Falls man ein paar billige Lautsprecher sucht, Piega Master One, gibts für läppische 36000€ aufwärts. 

Sitzen wird man nicht auf einem Ikea-Stuhl, sondern auf diesem waschechten Schnäppchen:
https://geizhals.de/aeris-3dee-comfortplus-mikrofaser-buerostuhl-a1305212.html?hloc=de Nichtmal 1000€

Ein optisches Laufwerk muss auch dabei sein: 
https://geizhals.de/lg-electronics-uh12ns30-schwarz-a1094448.html?hloc=de ~800 Eier.


----------



## Incredible Alk (11. September 2015)

Das Soundequipment haben wir bereits (durch weit hochwertigeres) ergänzt. Bei Bowers & Wilkins (und vergleichbaren) kannste ohne Probleme einige 10K hängen lassen.

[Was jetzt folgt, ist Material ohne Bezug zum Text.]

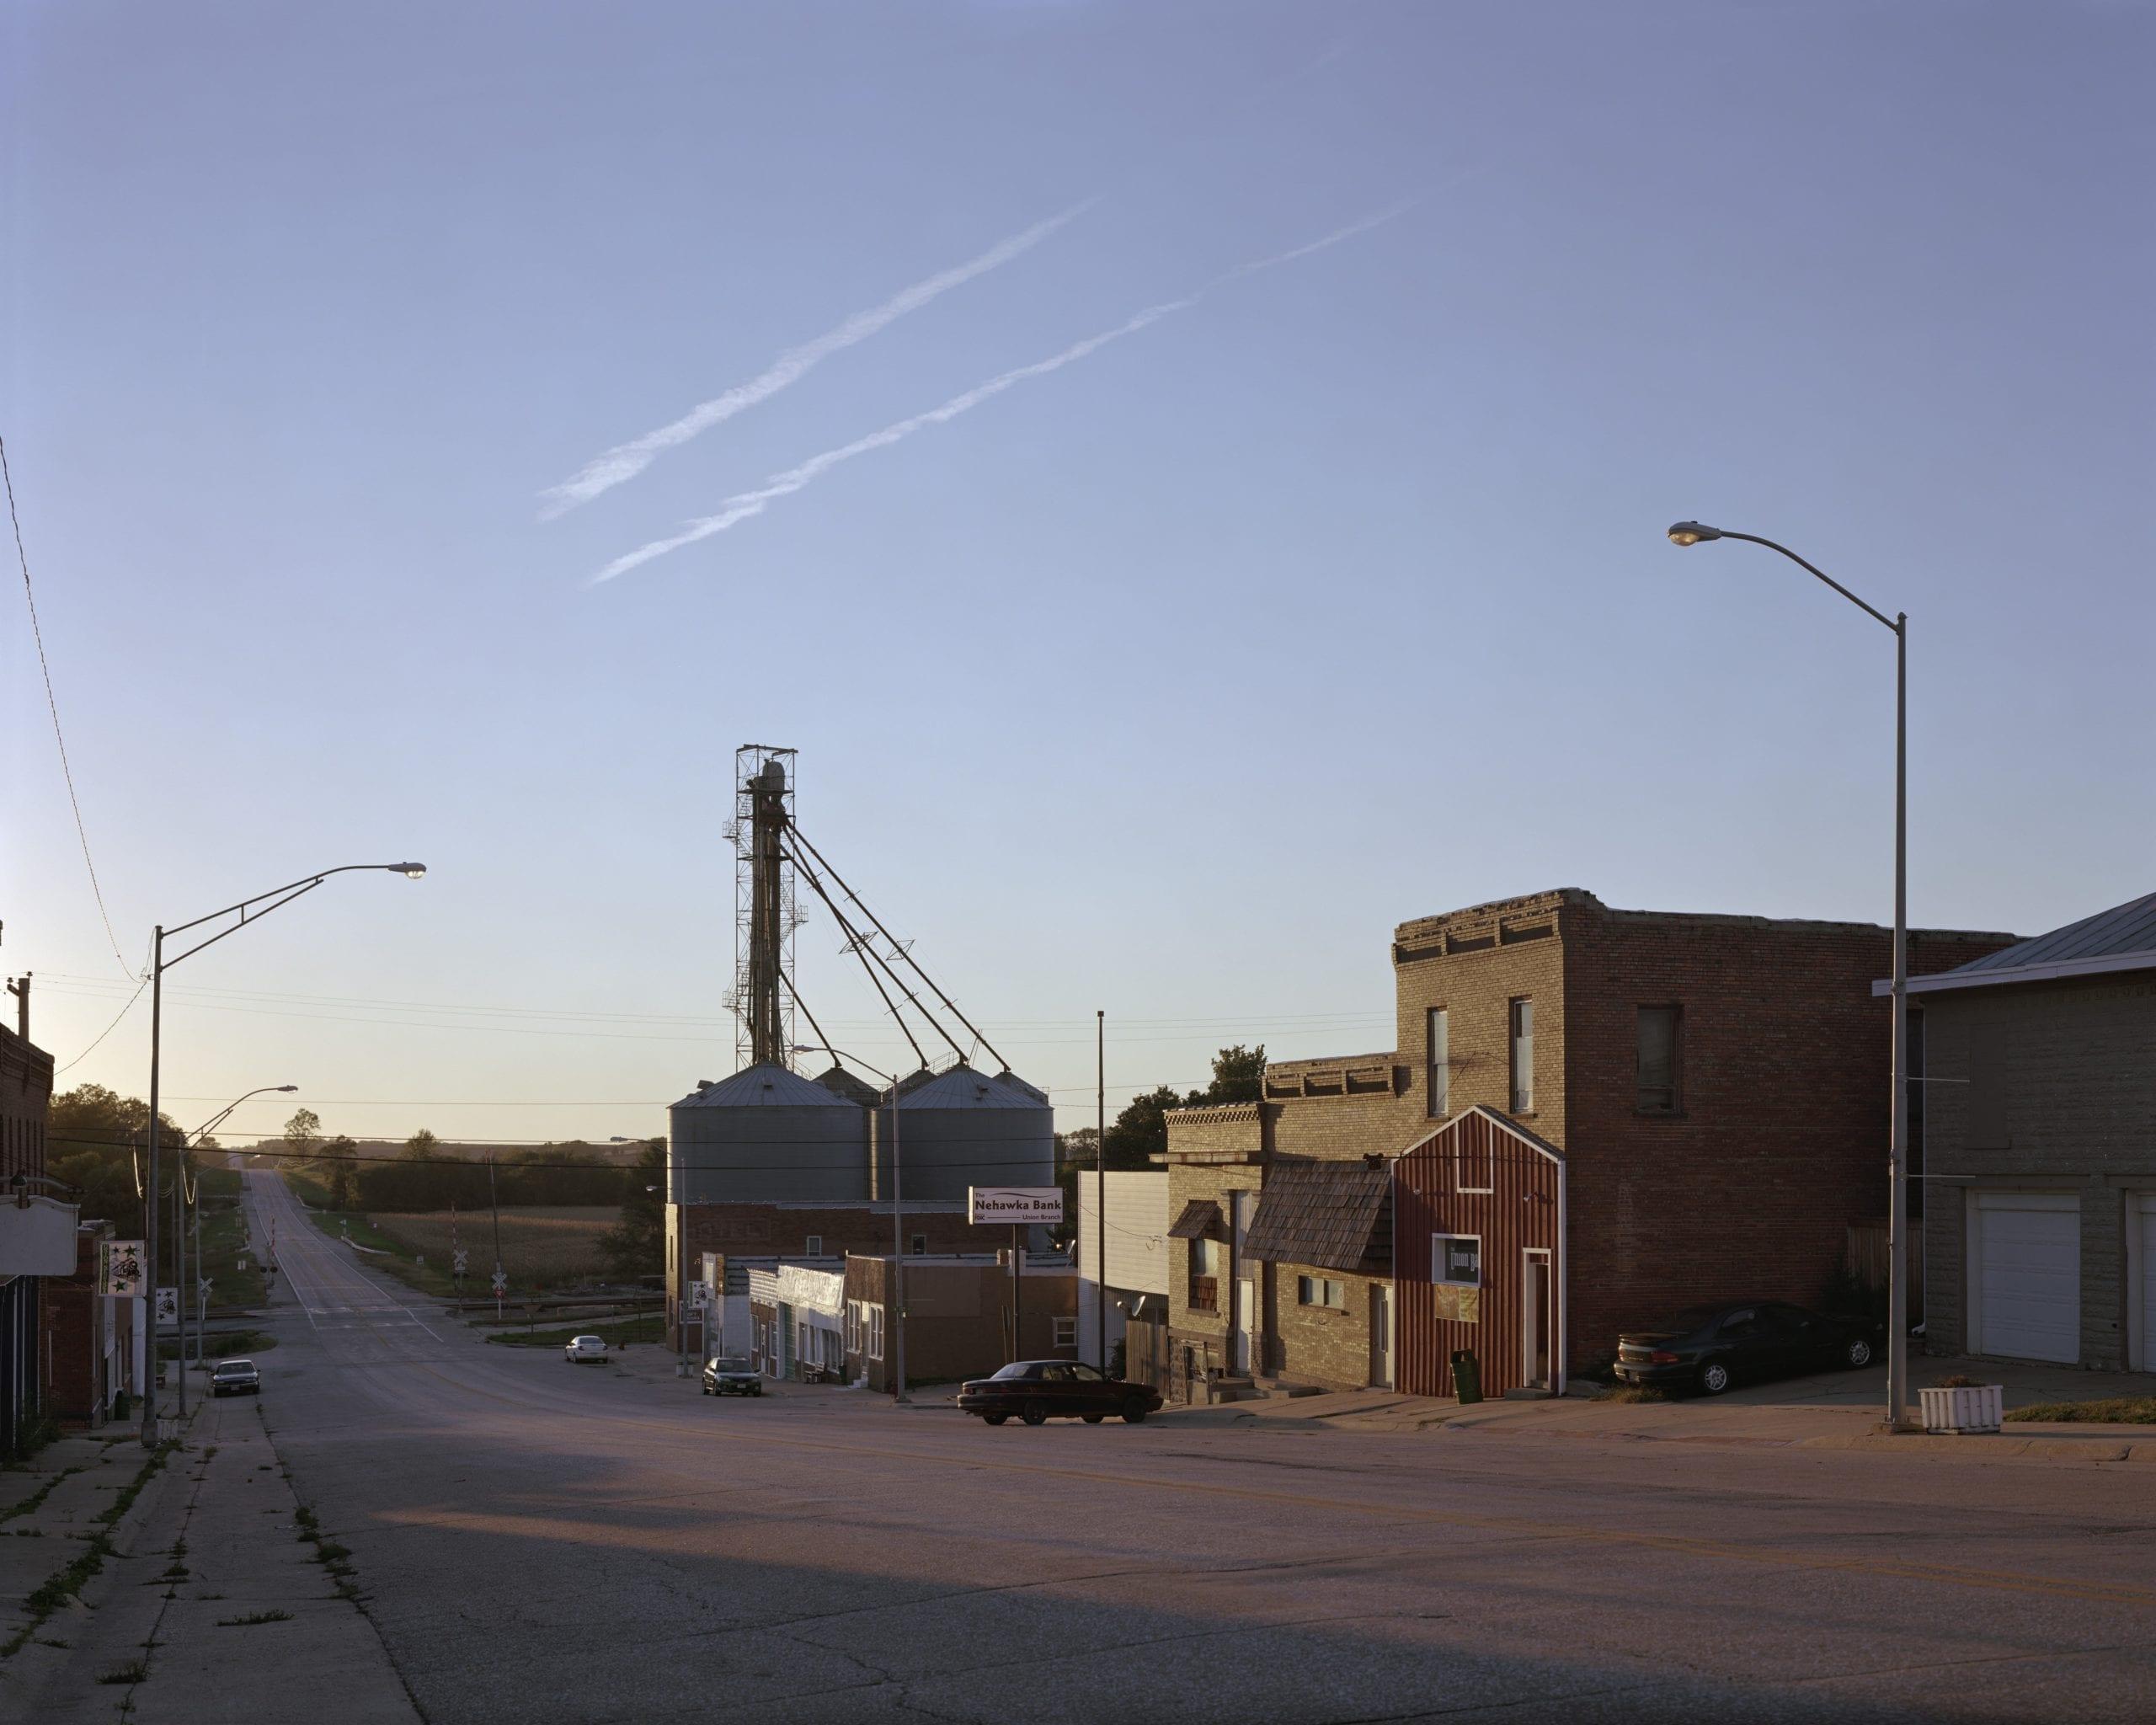 Union, Nebraska, 2013

Der Stuhl... da kann man nochwas machen da stimmt und ein optisches Laufwerk geht auch noch.


Was noch gänzlich fehlt ist professionelle Software... da sind auch immer viele Kiloeuros drinne. 

Wenn wirklich alles in der Liste ist was hier im Thread aufgetaucht ist sind wir ja schon bei überm Daumen ner Viertel Million.


----------



## RyzA (11. September 2015)

Jetzt haut ihr aber ganz schön auf die Kacke!


----------



## Leob12 (11. September 2015)

Haben wir die Lüfter schon? 
Ein Sammlerstück für läppische 600€ 
https://geizhals.de/be-quiet-dark-wings-dw1-140mm-bl017-a682774.html?hloc=de


----------



## Incredible Alk (11. September 2015)

Ich bin ja froh dass du den Thread in der RuKa eröffnet hast sonst hätte man ihn schon lange dicht machen müssen wegen Sinnfreiheit.
Aber so... kann man sich mal auslassen 

@Leob12: Ok, der ist ja nur teuer weil er nicht mehr produziert wird, nicht weil er das Geld in irgend einer Form wert wäre.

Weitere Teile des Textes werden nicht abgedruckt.